Papa João Paulo II prova chimarrão, em Porto Alegre, no ano de 1980
Reprodução/RBS TV
Diferença entre os mates
O diretor do Instituto Escola do Chimarrão, Pedro Schwengber, explica a diferença entre os mates brasileiro e argentino. Segundo o especialista, a erva do país vizinho é mais amarga.
“Eles colhem a erva, desidratam, deixam ela estacionada de 12 a 24 meses, para, só depois, triturar, embalar e ir para o mercado.

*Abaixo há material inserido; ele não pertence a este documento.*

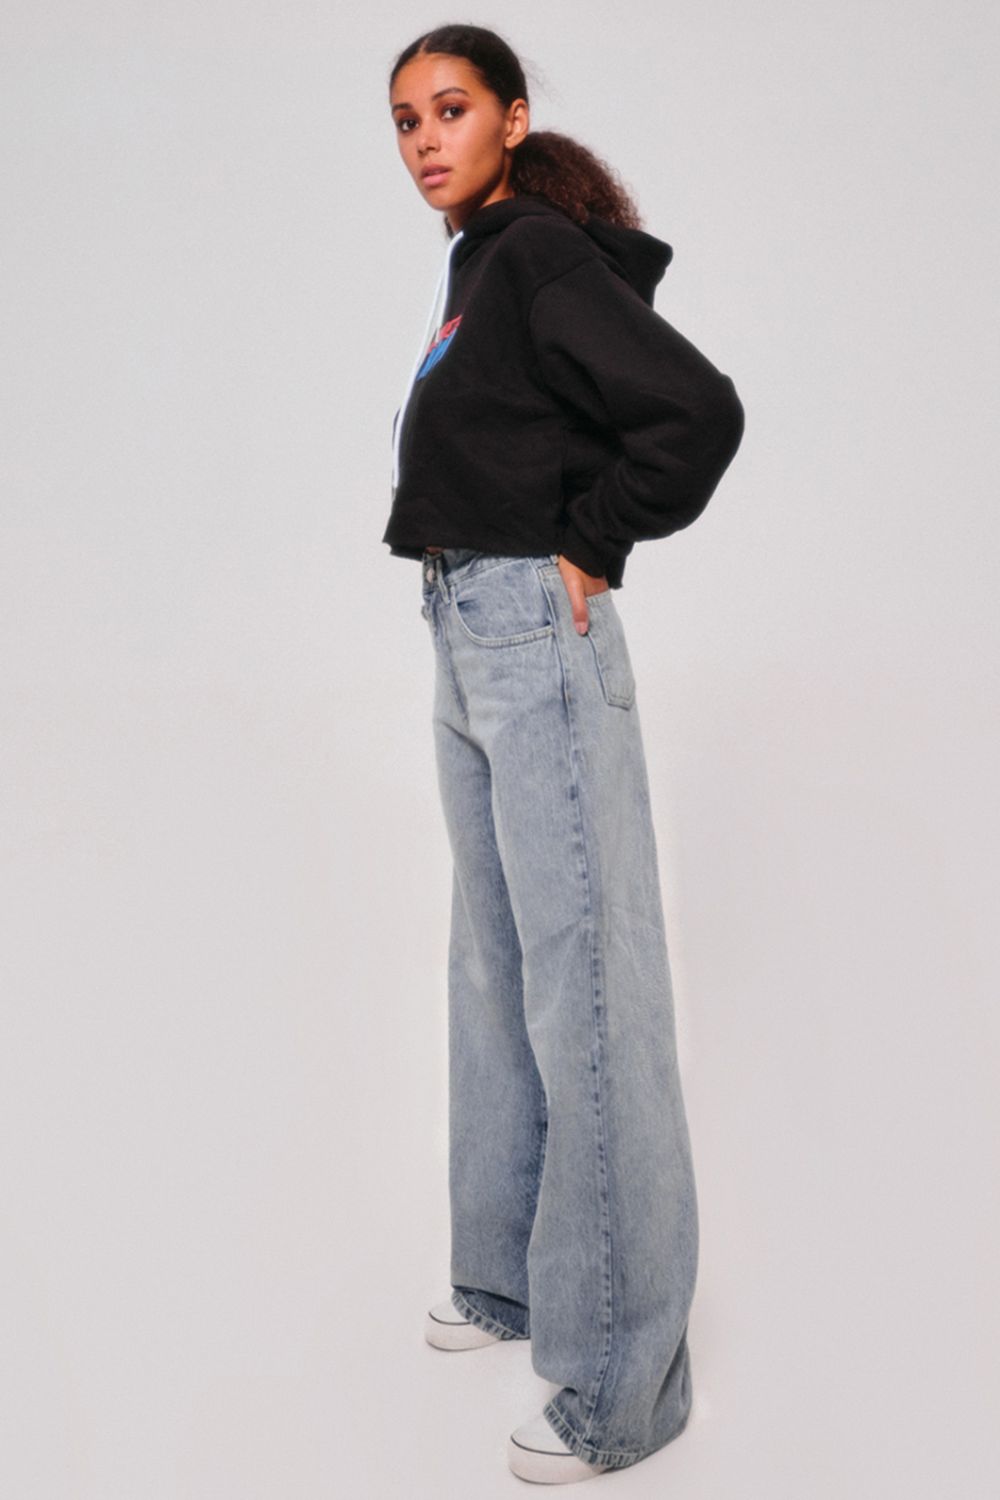 Wide Leg Jeans Selena Super High Rise Blue Grey Stonewashed

A nossa erva é colhida, desidratada, triturada, socada, embalada e vai para o mercado. A diferença é que, em 72h, a erva que estava na lavoura já está na nossa casa”, explicou.
Schwengber relata que o consumidor brasileiro prefere o mate mais verde. Já os argentinos reclamam que a erva brasileira tem muito pó.
“Eles gostam mais com partículas de folha”, comentou.
Outra diferença, aponta o especialista, é no formato da cuia. As utilizadas em países como Argentina, Uruguai e Chile são menores, mais arredondadas e, muitas vezes, sem o “pescoço”, curva no topo do reservatório.
O chimarrão é feito com folhas de Ilex paraguariensis. Além da bebida quente do Rio Grande do Sul, a erva é base para a produção de chá mate e tereré.